BRIEF.
Give again the lines from the line with "Loretta Lynn photographed" to the last line of the records, exactly and in full. Do not carry over any pictures.

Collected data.
Start of Block
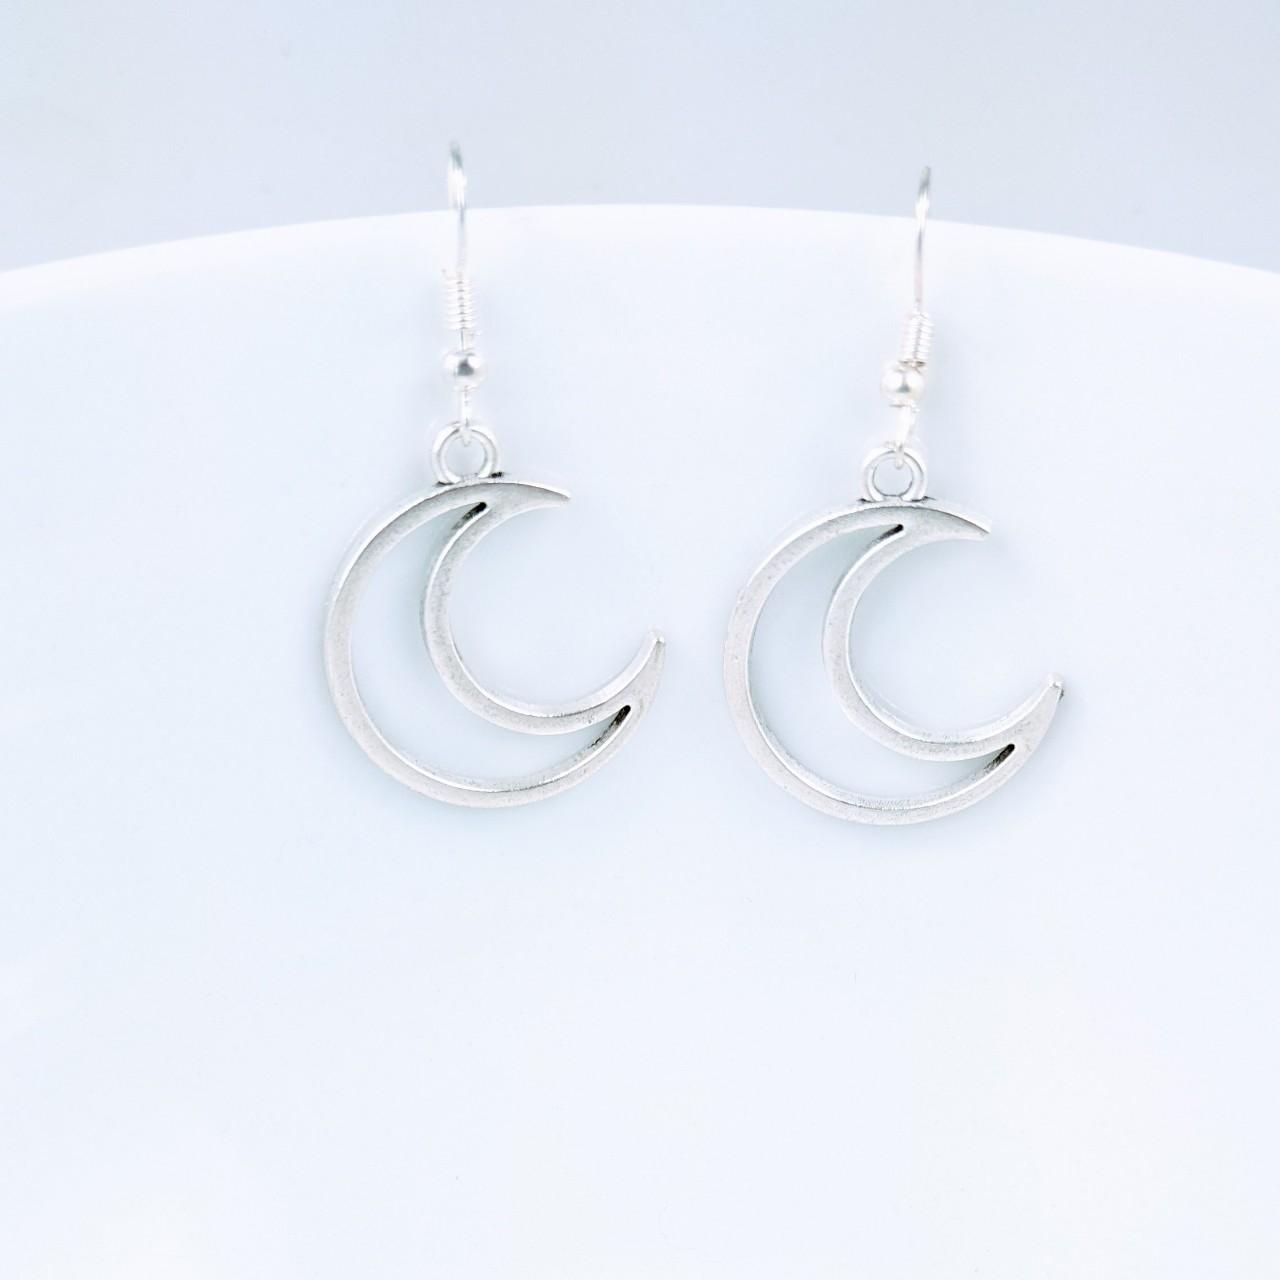 Product Image 2 - Crescent Moon Earrings
Brand new. 

Made
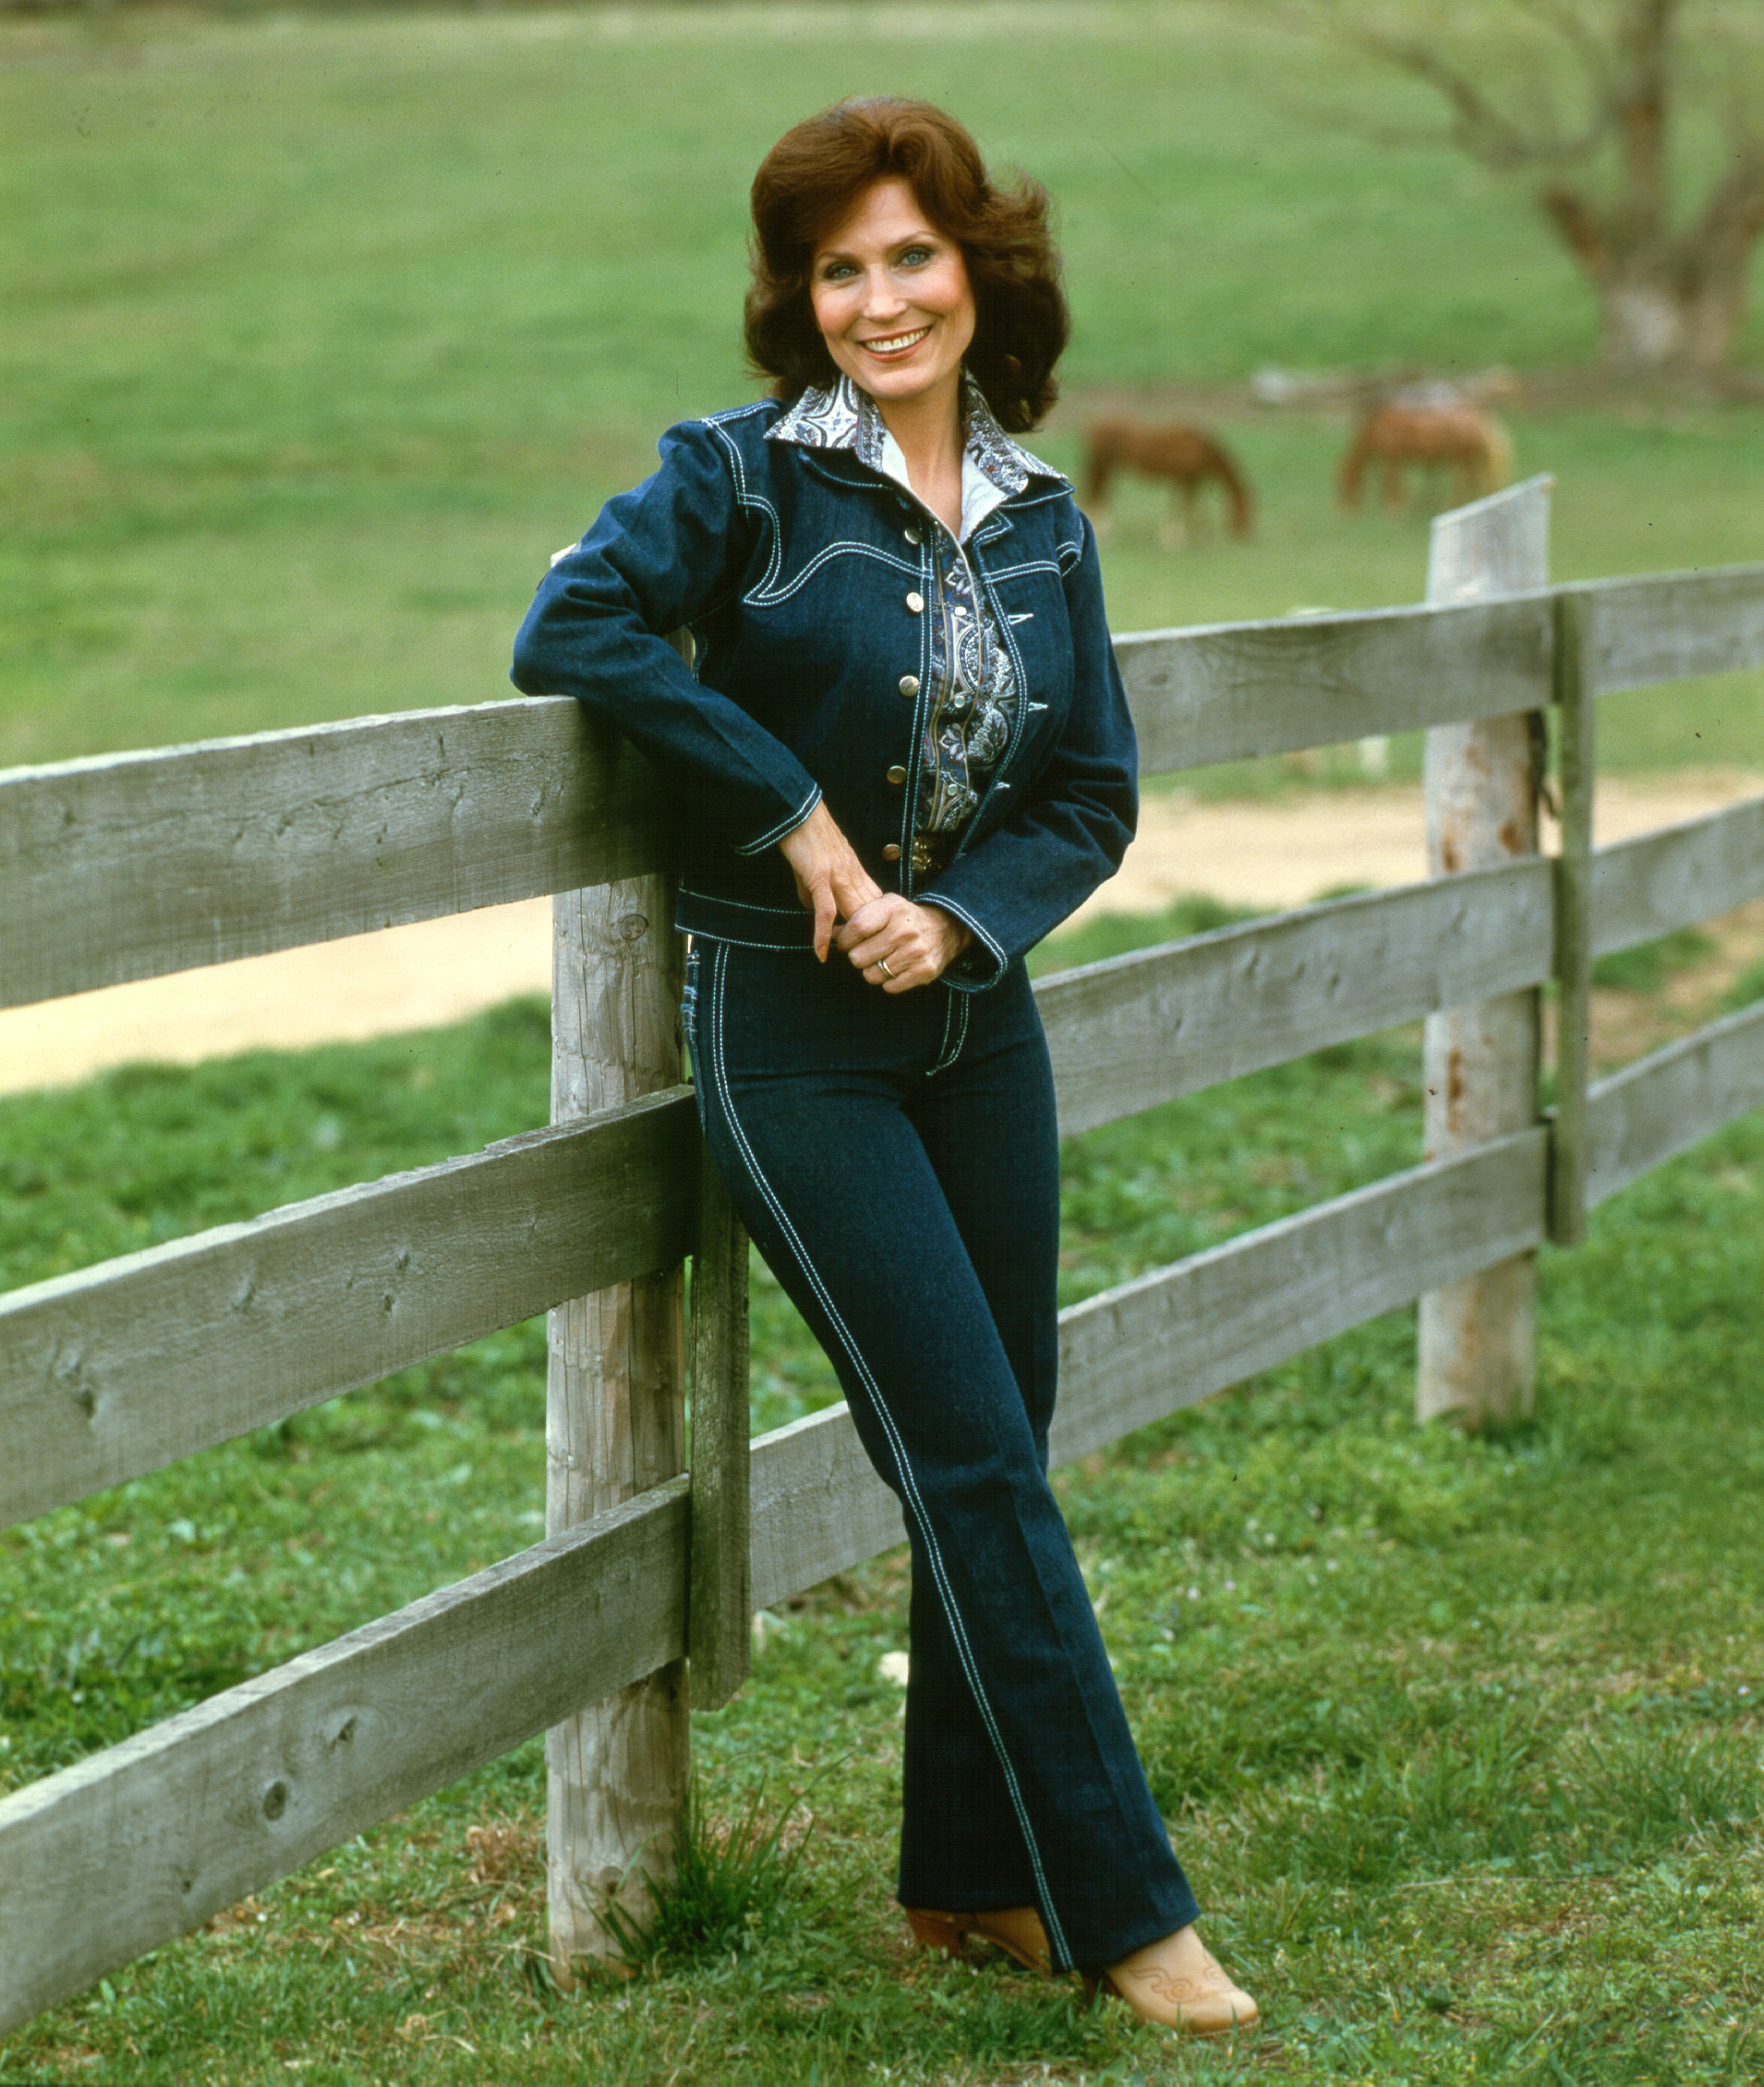 Loretta Lynn photographed in 1976 | Source: Getty Images
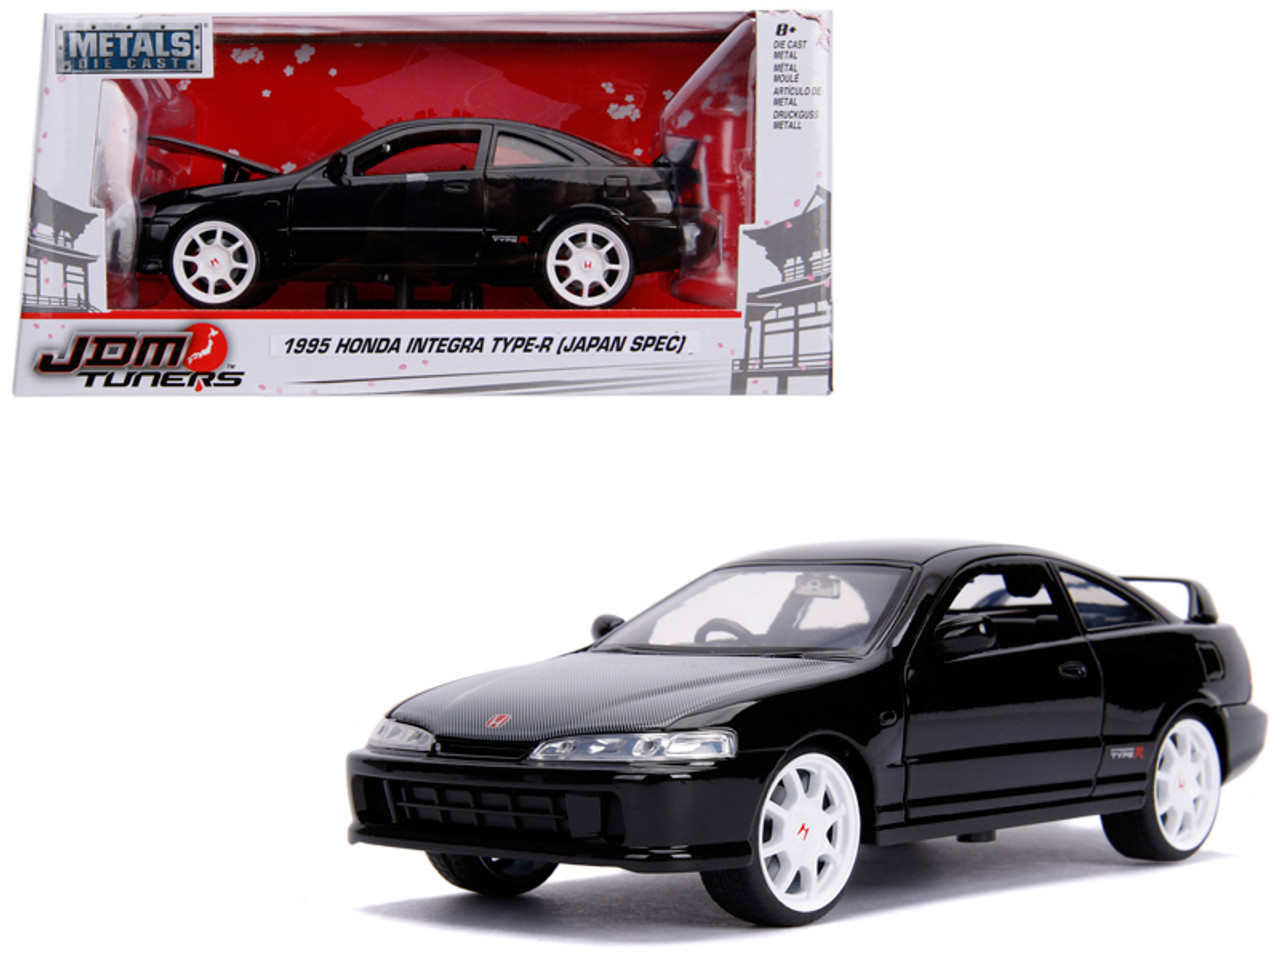 1995 Honda Integra Type-R "Japan Spec" RHD (Right Hand Drive) Glossy Black with Carbon Hood and White Wheels "JDM Tuners" 1/24 Diecast Model Car by Jada
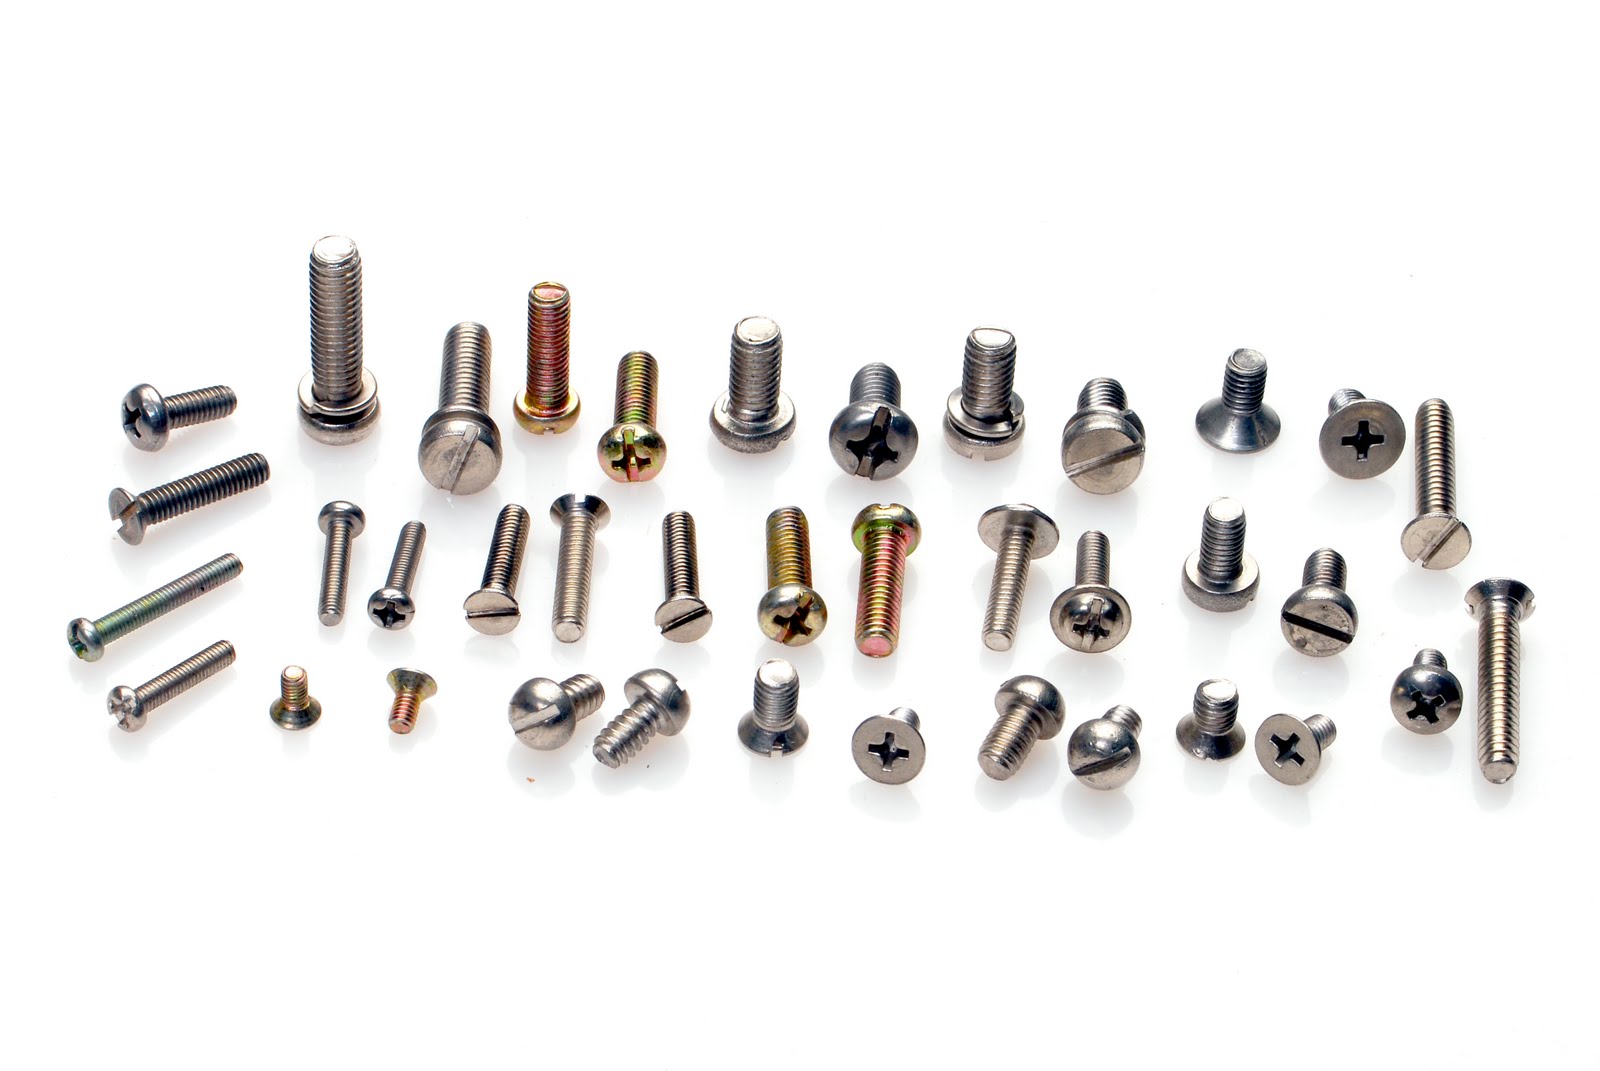 Fasteners and Screws: May 2011
End of Block
EXERCISE OUTPUT.
 Loretta Lynn photographed in 1976 | Source: Getty Images
 1995 Honda Integra Type-R "Japan Spec" RHD (Right Hand Drive) Glossy Black with Carbon Hood and White Wheels "JDM Tuners" 1/24 Diecast Model Car by Jada
 Fasteners and Screws: May 2011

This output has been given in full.